Also, please allow me to also apologize to the community for prematurely blaming ZFS or the kernel as I'm 90% certain that isn't the case. This is out of character for me and no different than a typical doctor/patient exam. I should've started with describing the symptoms and allowed experts to interrogate with more detailed questions, determine a prognosis, and treatment plan. Again, my humble apologies.

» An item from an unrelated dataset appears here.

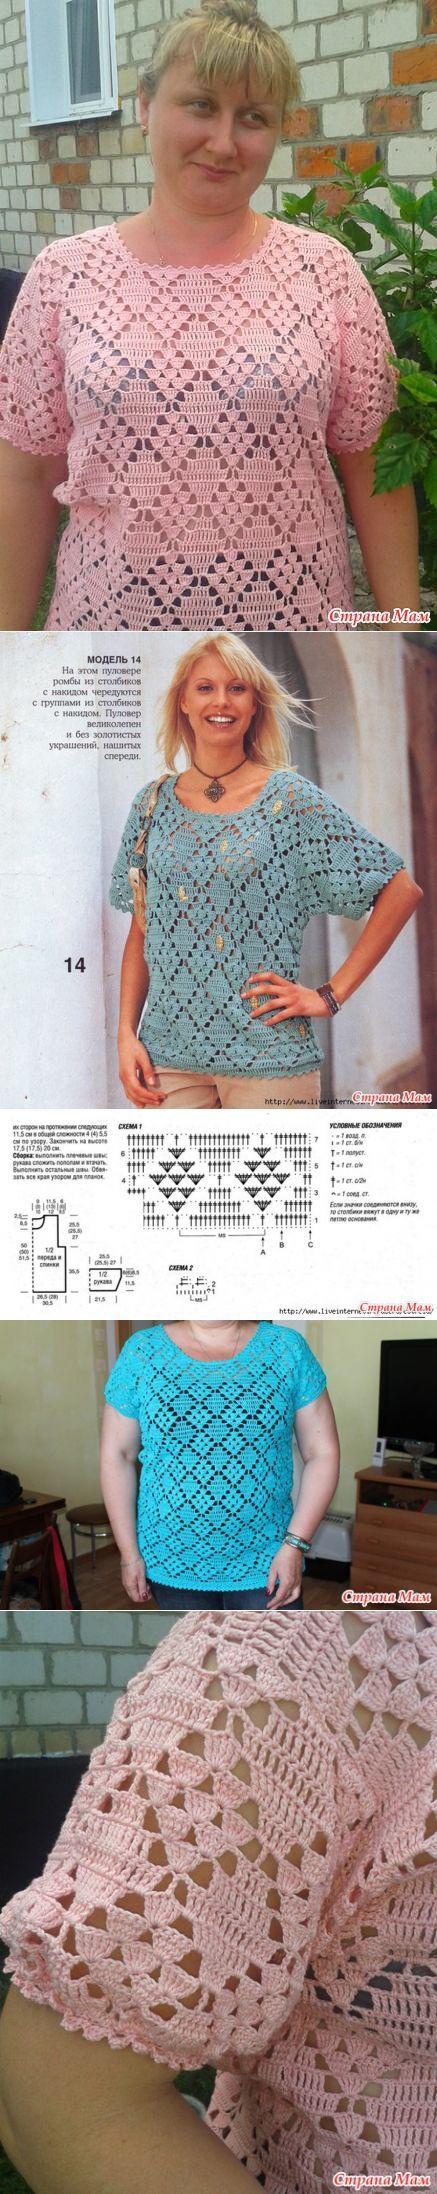 Летний пуловер крючком - ВЯЗАНАЯ МОДА+ ДЛЯ НЕМОДЕЛЬНЫХ ДАМ - Страна Мам [] #<br/> # #Crochet #Clothes,<br/> # #Crochet #Tops,<br/> # #Filet #Crochet,<br/> # #Crochet #Patterns,<br/> # #Posts,<br/> # #Kazakhstan,<br/> # #Crochet #Jacket,<br/> # #Pullover,<br/> # #Wobbly<br/>
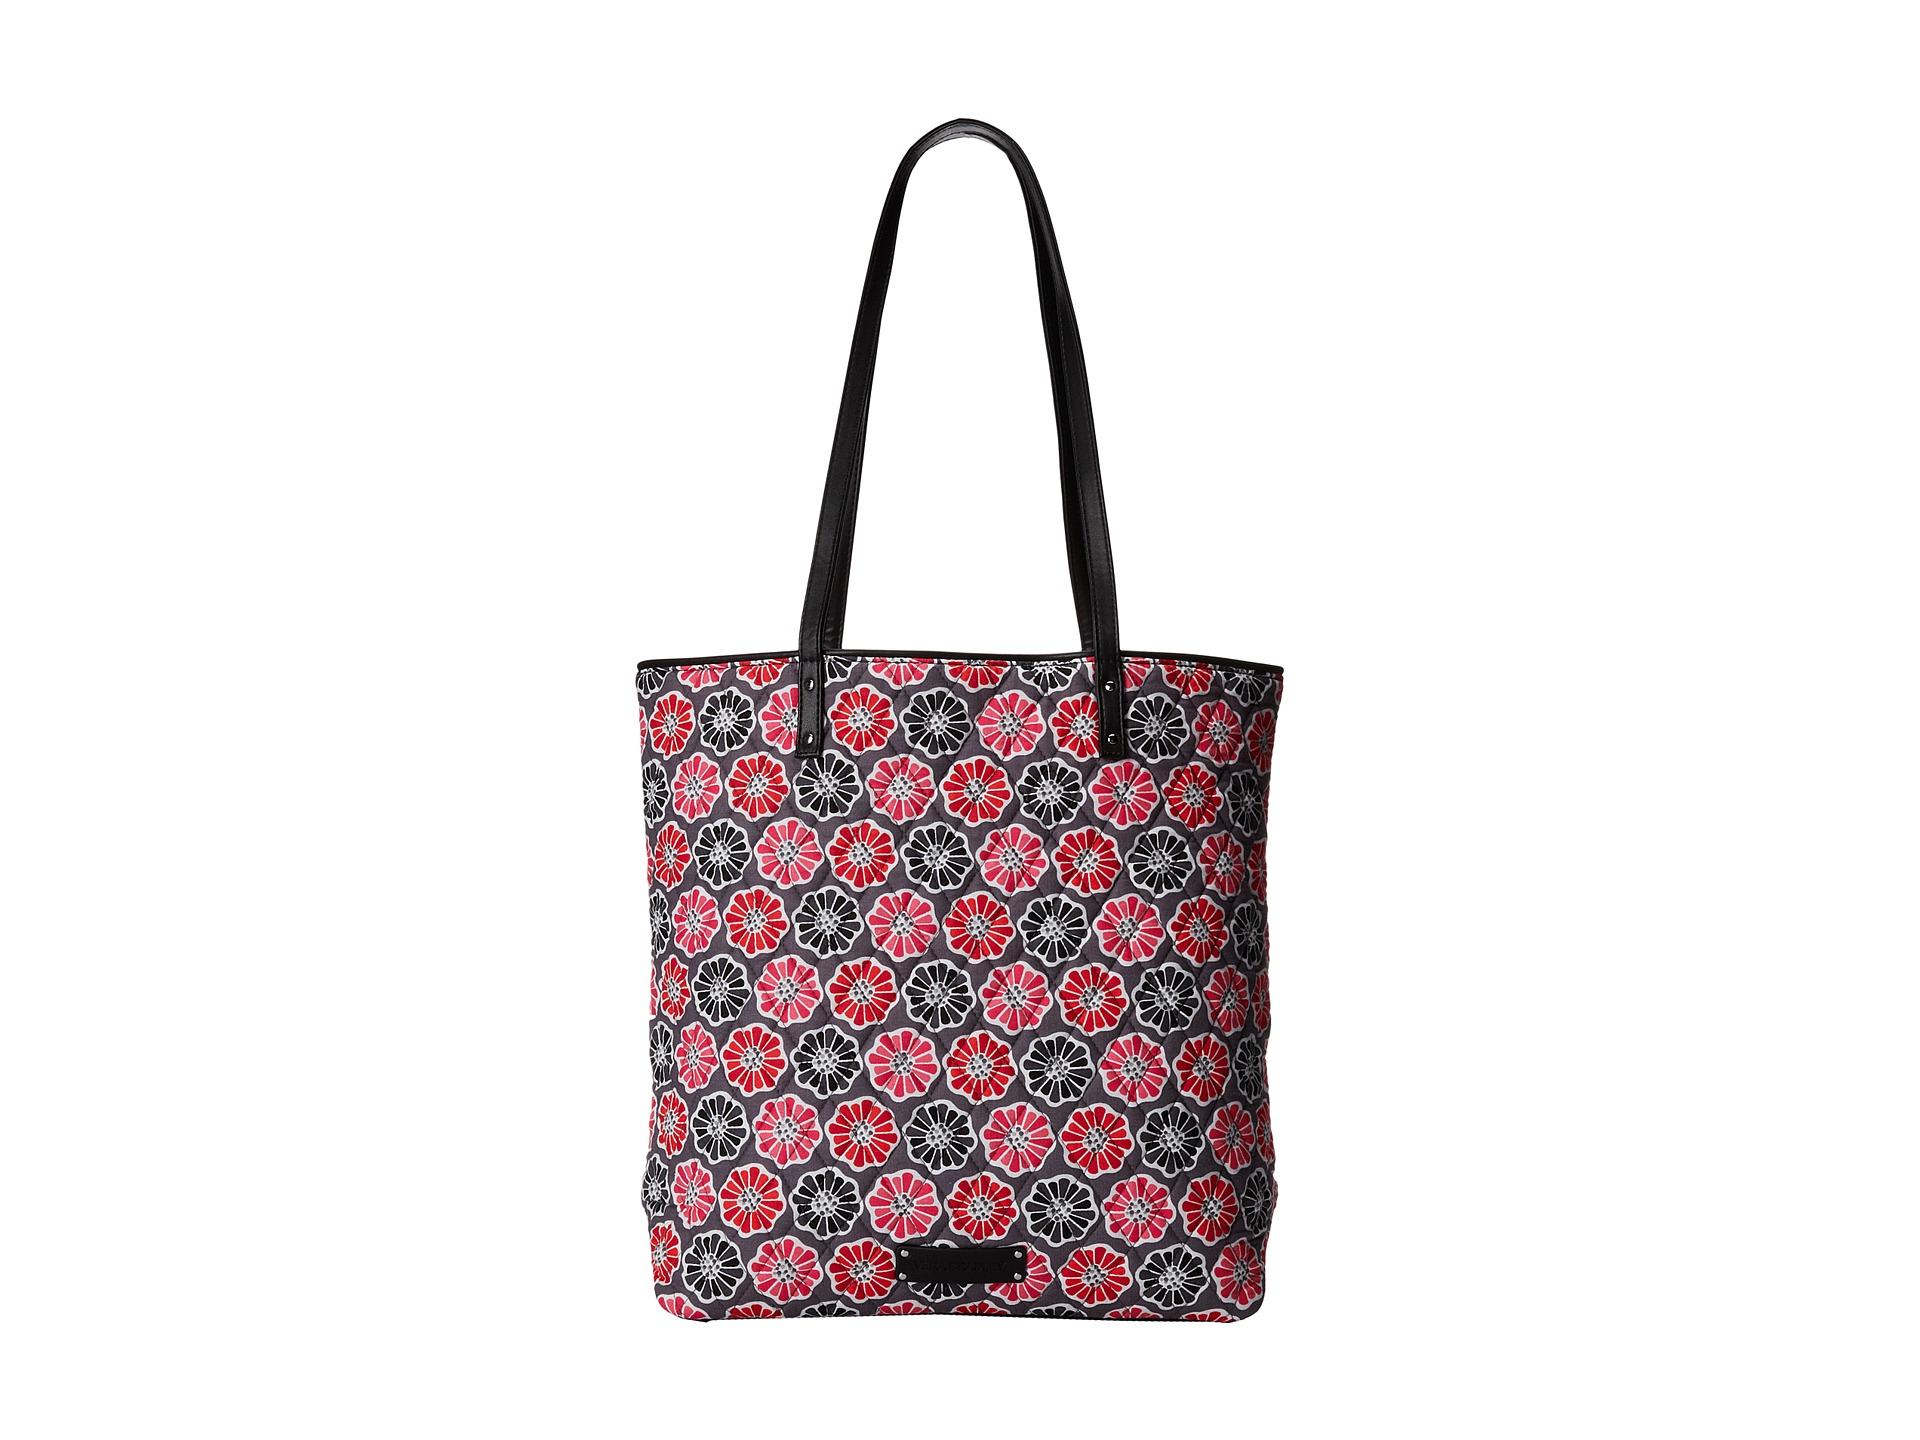 vera bradley 100 handbag dimensions for kentucky

Now, onto what I've discovered after carefully scrutinizing the system through the lens of what is different about my systems vs other 2100s running 23.05 that aren't raising flags about memory leaks. I found some anecdotal things such as running pfBlockerNG-devel (3.2.0_5) instead of pfBlockerNG (3.2.0_5), but I didn't feel that would be a likely culprit as the associated process memory has always been stable. I then remembered about the constant errors I have been getting with the connected UPS systems in DMESG:
ugen1.2: <CPS ST Series> at usbus1 (disconnected) ugen1.2: <CPS ST Series> at usbus1
See, when these systems were installed (6mo ago), I setup UPS systems on each of them and attempted to use Nut to manage the UPS interface. However, it was not stable and opted to just disable Nut for the time being and save troubleshooting for a rainy day. These messages are constant (every few secs), so I began thinking that perhaps with each disconnect/connect some kernel level memory allocation (malloc call) was happening that wasn't being released. After 10 days of this constant cycle, the system was just starved of free memory and became unstable. So, 2 days ago, I disconnected the UPS from pfSense and performed a hard restart. As you can see from the graph below, the wire and free memory are looking much more well-behaved as I would normally see a 7-8% increase in wire memory within 24 hours and so far it hasn't fluctuated more than +/- 2% over 2 days.
Again, thank you for the community's support as these troubleshooting efforts, although menacing, do provide a valuable opportunity to learn more about the system.
BTW - I have since connected the UPSs (and pfSense console) to a Raspberry PI running Nut and it is working great! Now the rainy day project is configuring a Nut client on pfSense to respond to triggers from the Nut server for loss of power events.
-
Nice catch!
So the UPS USB device was flapping like that with or without NUT installed/running? -
@stephenw10 Yes, using 2 different models of CyberPower UPSs (SL700U & CP425SLG) and have been experiencing this flapping since the 2100s were new with v22.05 - 6mo ago. I removed the Nut package shortly after the install when these disconnects were causing the instability of Nut. They are both HID compliant and I was using the usbhid-ups driver with Nut, but it still was flapping. As mentioned, I have them connected to a Raspberry PI with Nut and usbhid-ups driver and it is working great (see pic).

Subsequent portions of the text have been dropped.